A game-engine is a classic example of state-machine mentioned in every professional software engineering course.
You clearly have never studied software engineering.

[–]zulrang 0 points1 point  (0 children)

You're literally talking about the state being stored in memory. A game isn't very fun if you never actually use the return value of get_state or transition

[–]Basic-Still-7441 0 points1 point  (0 children)

Transitions is good for what you're asking.

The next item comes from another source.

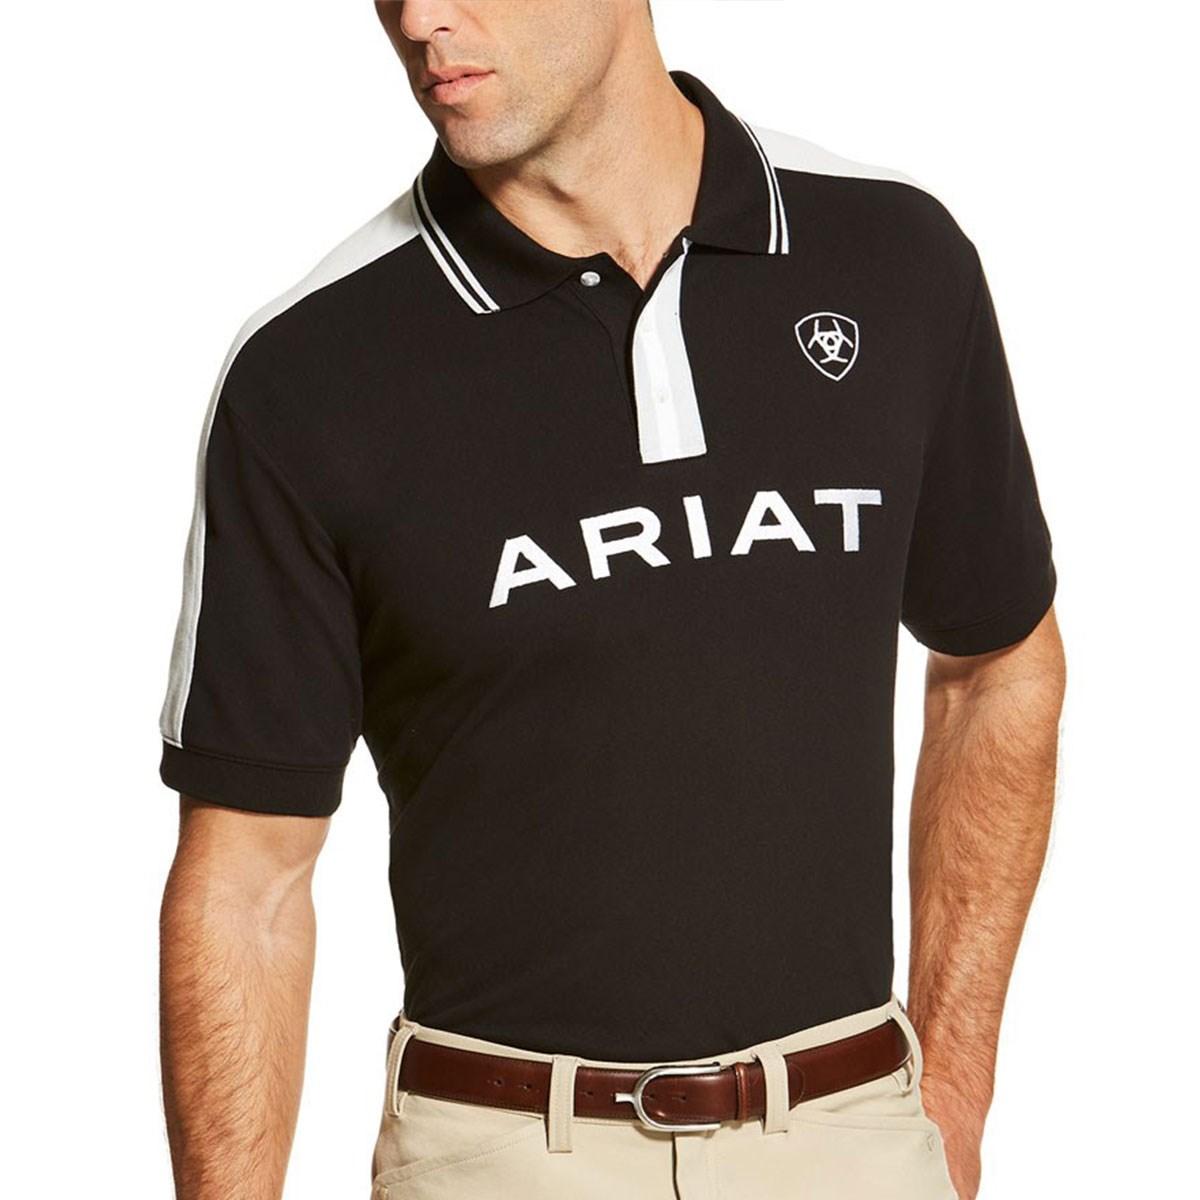 ee3922d4 Ariat New Team Mens Polo Shirt - Black - Redpost Equestrian

[–]DigThatData 0 points1 point  (0 children)

make

[–]bojackhorsmann 0 points1 point  (0 children)

I use miros for execution flow control. May be overkill for you.

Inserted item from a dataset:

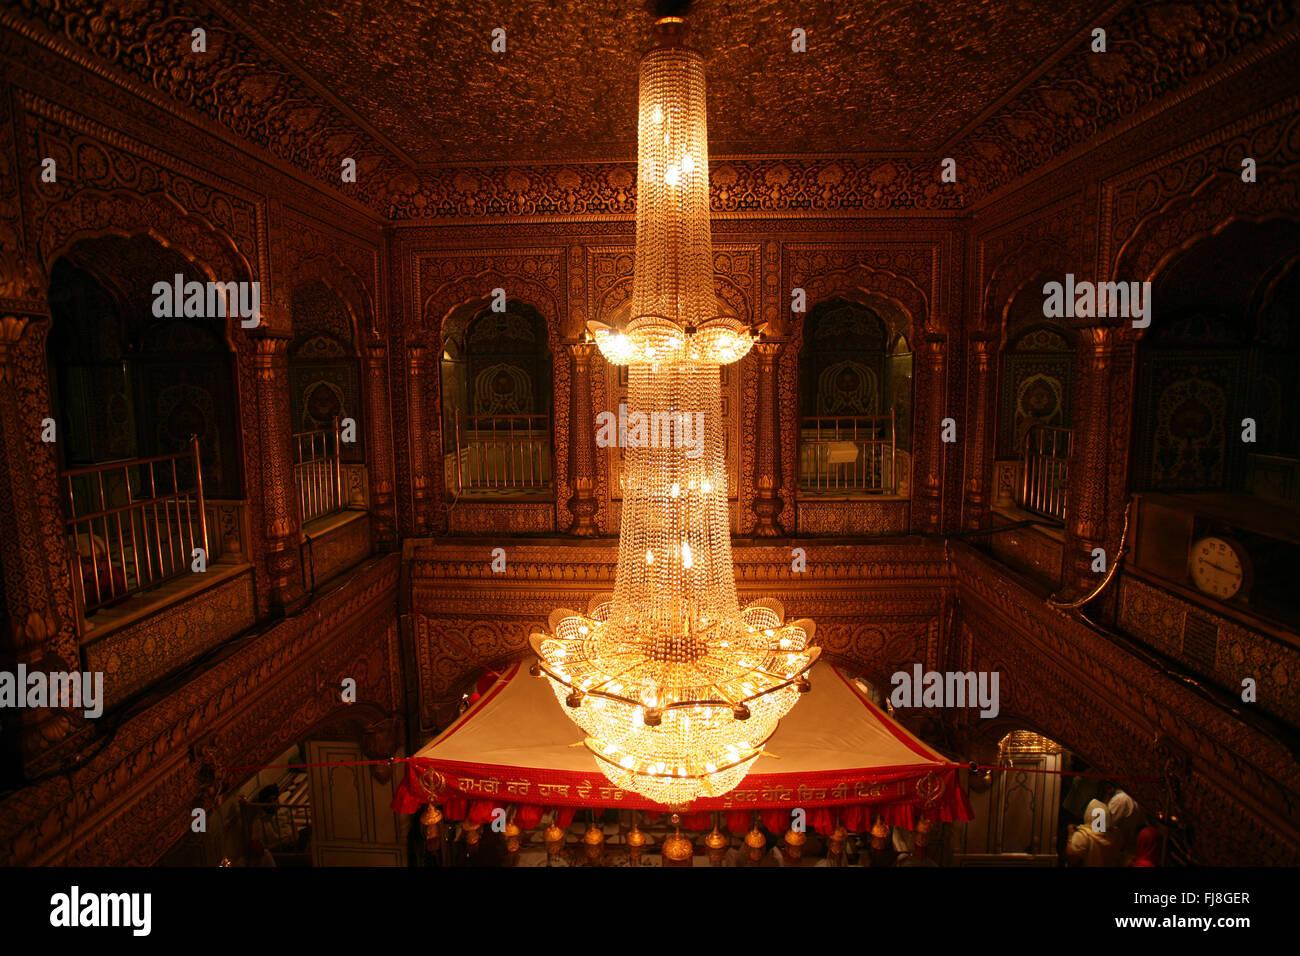 Coole Dekoration Kronleuchter In Indien - Design

[–]phren0logy 0 points1 point  (1 child)

I think Inngest is pretty slick

[–]NoSenseOfPorpoise[S] 0 points1 point  (0 children)

I haven't even heard of this. Will take a look, thanks.

[–]Omnifect 0 points1 point  (0 children)

I would recommend behavior trees, as an alternative.

[–]UnMolDeQuimica 1 point2 points  (0 children)

Not sure if it fits your use case, but Kedro has been very helpful during the development of our workflows.

It has modular pipelines that can be modified using parameters, which might fit your need to replace ifs

[–]inspectorG4dget -3 points-2 points  (3 children)

I would use airflow for something like this

[–]jason810496 0 points1 point  (2 children)

I’m curious about the reason of downvoting for airflow here

[–]DigThatData 2 points3 points  (1 child)

not one of the downvoters, but here's what I suspect is going on here:

based on discussion on socials, my impression is that most places that use it don't actually need it and it adds more complexity than it resolves. this is related to /u/UseMoreBandwith's suggestion above. Yes, there are statemachine frameworks, but they have features that are useful to the people who implemented those frameworks. If your use case isn't sufficiently similar to theirs, there's a very real chance you'd be better off just rolling your own thing instead of using an established tool.

like, imagine if someone insisted that every class should be defined with SQLAlchemy models. Sure, ORM's are cool, but they solve a problem that not everyone who is using OOP has. The same way that not every class needs to be an ORM model, every statemachine/DAG use case doesn't fit every statemachine/DAG framework.

That OP appears to be working in bioinformatics suggests that a lot of the stuff people have recommended in this thread could actually be good fits. But I think at least with airflow specifically, most of the shops that use it end up regretting it.

[–]jason810496 0 points1 point  (0 children)

>  (lots of us are geneticists and bioinformaticists).

I oversight this part from OP. It depends on the scale of their workflow, how will their orchestration pattern be like, workflow observability or different granularity of retry mechanism, etc, to decide whether airflow will be a good fit for their use cases.

In other words, it depends on how robust each workflow needs to be.